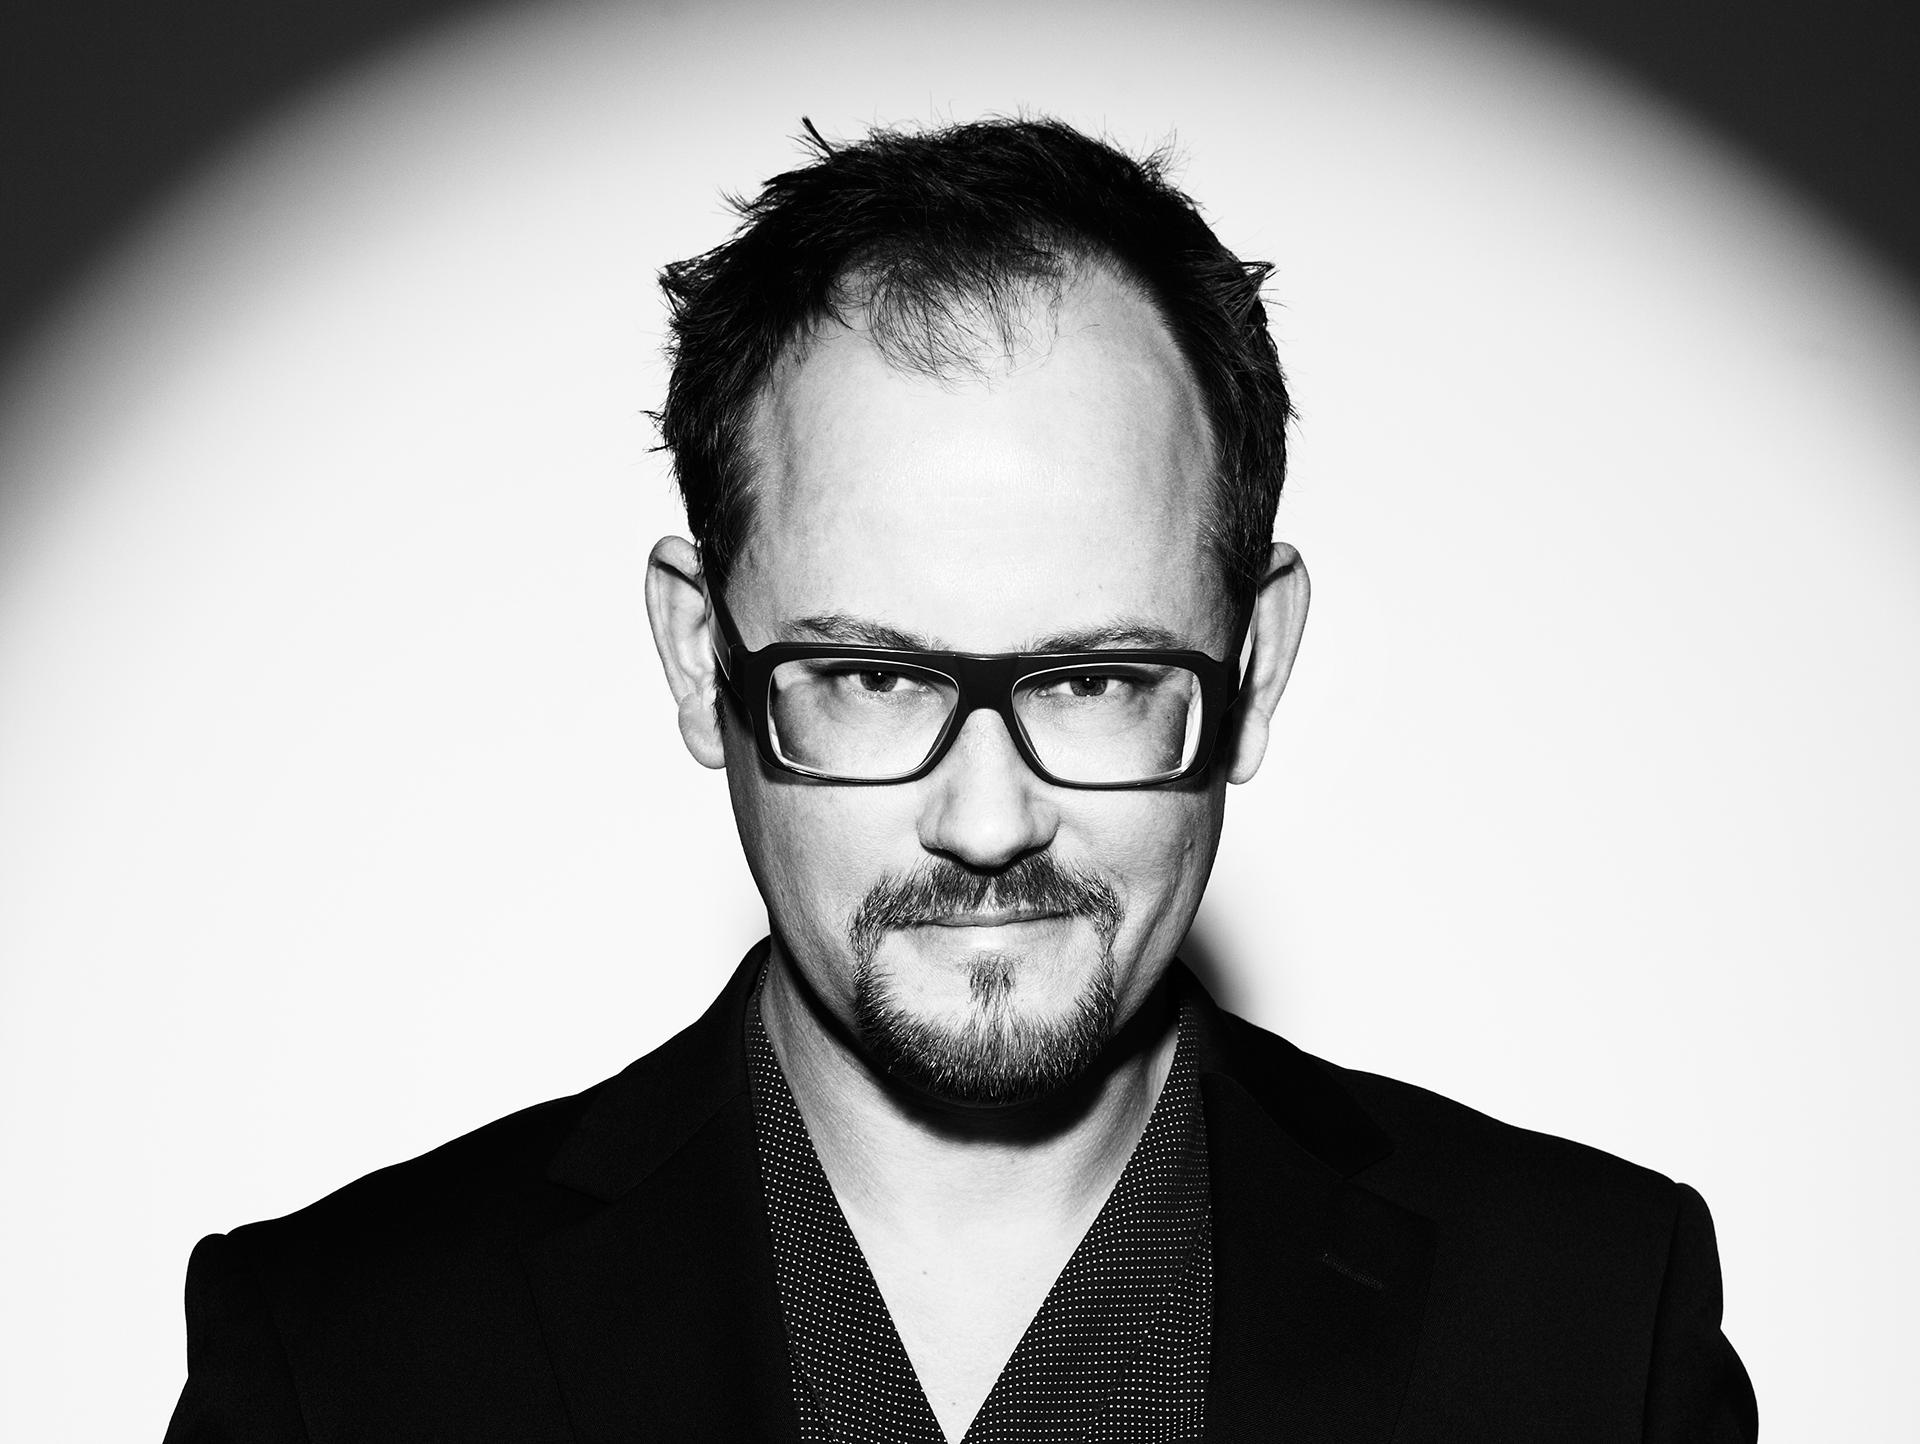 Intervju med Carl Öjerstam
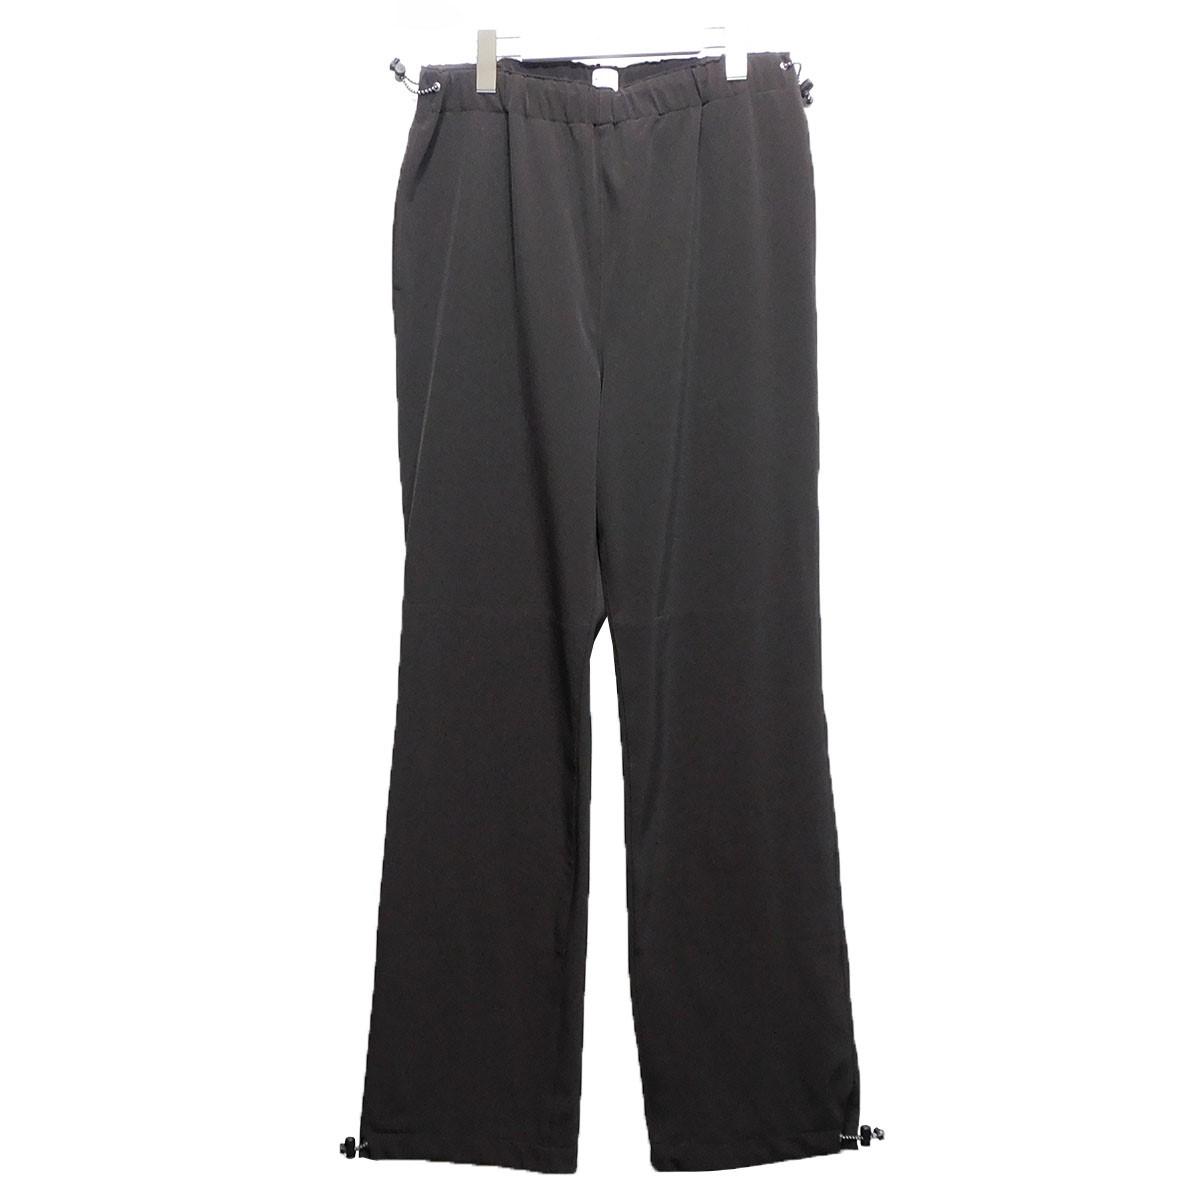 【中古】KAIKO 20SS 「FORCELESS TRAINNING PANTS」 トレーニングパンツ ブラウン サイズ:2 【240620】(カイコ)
==
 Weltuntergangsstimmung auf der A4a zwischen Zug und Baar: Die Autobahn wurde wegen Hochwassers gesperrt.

AIM OF THE TASK ::
Could you output exactly the lines above, from the line with "Intervju med Carl Öjerstam" up to and including the line with "ブラウン サイズ:2 【240620】(カイコ)", and nothing else, skipping the pictures?

EXERCISE SOLUTION ::
 Intervju med Carl Öjerstam
 【中古】KAIKO 20SS 「FORCELESS TRAINNING PANTS」 トレーニングパンツ ブラウン サイズ:2 【240620】(カイコ)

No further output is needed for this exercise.